Come fa a esistere e resistere una nicchia di 635 aziende e oltre 26mila addetti tanto florida all'interno dell'industria dei beni strumentali - in flessione di oltre sei punti da inizio anno – e di un manifatturiero che sta pagando alla recessione e ai gap del sistema Paese il conto più salato, dal dopoguerra, in termini di emorragia di imprese, occupati e valore aggiunto? «Facciamo buone macchine, investiamo molto sulla ricerca e sviluppo, lavoriamo tanto all'estero, con una quota export che ha raggiunto l'83,6% del fatturato, e riusciamo a macinare margini sebbene siamo in Italia», risponde Giuseppe Lesce, presidente di Ucima. Non potendo peraltro misurare quanto del merito dell'exploit vada all'indubbia competitività del made in Italy – che ha raggiunto i concorrenti tedeschi nella spartizione del mercato globale, con un 25% a testa dei commerci mondiali di packaging - e quanto al dinamismo della domanda, che dopo il grande freddo di inizio 2013 si è surriscaldata a partire dall'estate. «Il packaging è un universo molto variegato con comparti e mercati che si muovono su registri diversi. Il farmaceutico – entra nel dettaglio il presidente – è in ebollizione ovunque, anche sui mercati maturi; il beverage corre soprattutto nei Paesi in via di sviluppo, con la grande sorpresa dell'Africa quest'anno che contiamo di confermare nel 2014; il food è una miniera di sperimentazioni di prodotti e soluzioni nuove. E certo un anno fa, di questi tempi, non si godeva di grandi prospettive».

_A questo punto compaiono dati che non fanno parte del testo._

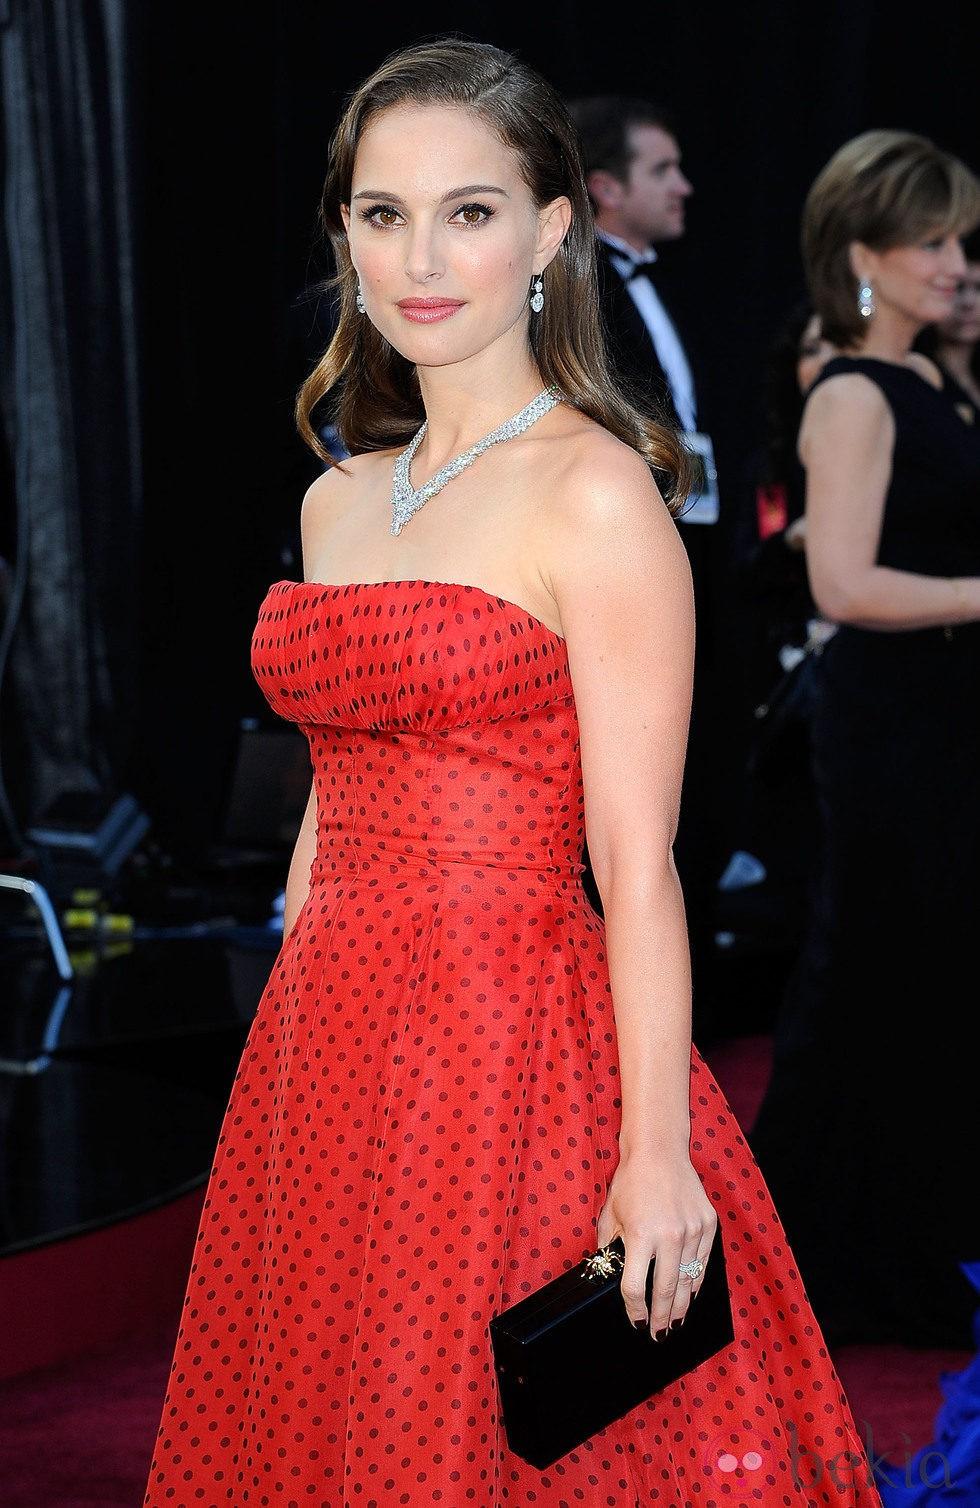 Natalie Portman en la llegada a la gala de los Oscar 2012

In realtà si continua a lavorare su orizzonti brevi anche in questo spumeggiante finale d'annata, precisa Ucima, con una stagionalità esasperata, maestranze al lavoro sabati e domeniche e una fame insoddisfatta di tecnici specializzati che il sistema formativo italiano non riesce a preparare. «Perché la politica continua a considerarci un made in Italy di second'ordine, mentre siamo una delle eccellenze della famiglia Federmeccanica che giocano sui mercati globali ad armi pari con i tedeschi scontando però l'ironia del sistema Paese che hanno alle spalle», commenta Lesce, che vede ormai a portata di mano il traguardo dei 6 miliardi di fatturato. In un comparto in cui i primi 15 operatori accentrano la metà del business e in cui il leader bolognese Coesia preannuncia un fatturato 2013 in crescita del 15% a 1,4 miliardi (il doppio del risultato 2008) realizzato per il 97% oltre i confini nazionali.